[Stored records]
##############################
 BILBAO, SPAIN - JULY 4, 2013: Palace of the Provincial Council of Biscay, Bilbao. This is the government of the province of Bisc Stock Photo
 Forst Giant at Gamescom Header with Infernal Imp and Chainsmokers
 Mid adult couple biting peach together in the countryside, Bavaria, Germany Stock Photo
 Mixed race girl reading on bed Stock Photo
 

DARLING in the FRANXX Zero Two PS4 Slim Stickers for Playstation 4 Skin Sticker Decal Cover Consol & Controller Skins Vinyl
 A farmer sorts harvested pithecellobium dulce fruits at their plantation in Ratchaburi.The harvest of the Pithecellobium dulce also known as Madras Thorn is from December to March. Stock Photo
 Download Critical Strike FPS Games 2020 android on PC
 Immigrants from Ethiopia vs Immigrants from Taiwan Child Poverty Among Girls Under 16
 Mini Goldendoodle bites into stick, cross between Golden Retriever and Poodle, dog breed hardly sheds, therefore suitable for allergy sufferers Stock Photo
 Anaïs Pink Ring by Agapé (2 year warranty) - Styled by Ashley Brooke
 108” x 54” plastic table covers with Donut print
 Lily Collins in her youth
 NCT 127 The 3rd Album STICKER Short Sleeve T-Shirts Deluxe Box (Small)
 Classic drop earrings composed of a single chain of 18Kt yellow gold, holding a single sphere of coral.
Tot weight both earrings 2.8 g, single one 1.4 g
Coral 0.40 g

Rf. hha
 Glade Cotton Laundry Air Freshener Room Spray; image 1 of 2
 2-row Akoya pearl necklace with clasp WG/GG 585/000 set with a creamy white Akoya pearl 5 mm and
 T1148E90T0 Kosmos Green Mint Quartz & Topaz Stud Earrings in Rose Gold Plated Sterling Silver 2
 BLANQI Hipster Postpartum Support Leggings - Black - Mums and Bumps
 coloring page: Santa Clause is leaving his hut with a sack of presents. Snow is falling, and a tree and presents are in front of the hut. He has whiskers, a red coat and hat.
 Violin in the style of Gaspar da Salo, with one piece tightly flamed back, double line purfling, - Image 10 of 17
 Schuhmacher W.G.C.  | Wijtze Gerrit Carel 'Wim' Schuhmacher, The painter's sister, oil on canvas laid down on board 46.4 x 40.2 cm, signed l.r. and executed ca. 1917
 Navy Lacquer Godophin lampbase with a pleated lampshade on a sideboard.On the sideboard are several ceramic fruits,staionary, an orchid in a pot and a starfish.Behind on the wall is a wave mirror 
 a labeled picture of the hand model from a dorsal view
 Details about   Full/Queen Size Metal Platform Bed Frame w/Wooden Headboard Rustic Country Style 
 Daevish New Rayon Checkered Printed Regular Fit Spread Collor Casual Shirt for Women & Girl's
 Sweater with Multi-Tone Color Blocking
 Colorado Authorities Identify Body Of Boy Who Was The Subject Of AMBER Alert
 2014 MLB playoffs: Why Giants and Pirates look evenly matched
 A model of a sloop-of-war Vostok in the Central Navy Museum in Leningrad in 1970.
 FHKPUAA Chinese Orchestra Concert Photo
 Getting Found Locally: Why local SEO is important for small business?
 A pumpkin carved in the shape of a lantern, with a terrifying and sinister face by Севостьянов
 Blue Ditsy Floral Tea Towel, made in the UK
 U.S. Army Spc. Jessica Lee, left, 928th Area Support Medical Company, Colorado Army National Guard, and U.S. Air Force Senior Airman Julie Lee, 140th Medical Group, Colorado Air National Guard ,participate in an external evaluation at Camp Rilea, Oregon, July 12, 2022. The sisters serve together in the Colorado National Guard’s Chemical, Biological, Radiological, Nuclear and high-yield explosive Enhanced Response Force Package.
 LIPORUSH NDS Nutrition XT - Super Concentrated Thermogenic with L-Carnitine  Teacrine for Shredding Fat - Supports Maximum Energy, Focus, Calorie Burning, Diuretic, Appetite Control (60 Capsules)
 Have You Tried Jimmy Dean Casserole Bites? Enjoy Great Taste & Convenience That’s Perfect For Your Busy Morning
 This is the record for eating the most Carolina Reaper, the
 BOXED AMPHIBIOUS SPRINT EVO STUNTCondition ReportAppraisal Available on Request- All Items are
##############################
Task brief
The lines needed are those in the data above that hold the string "from"; copy each of them.

Exercise output
 A farmer sorts harvested pithecellobium dulce fruits at their plantation in Ratchaburi.The harvest of the Pithecellobium dulce also known as Madras Thorn is from December to March. Stock Photo
 Immigrants from Ethiopia vs Immigrants from Taiwan Child Poverty Among Girls Under 16
 a labeled picture of the hand model from a dorsal view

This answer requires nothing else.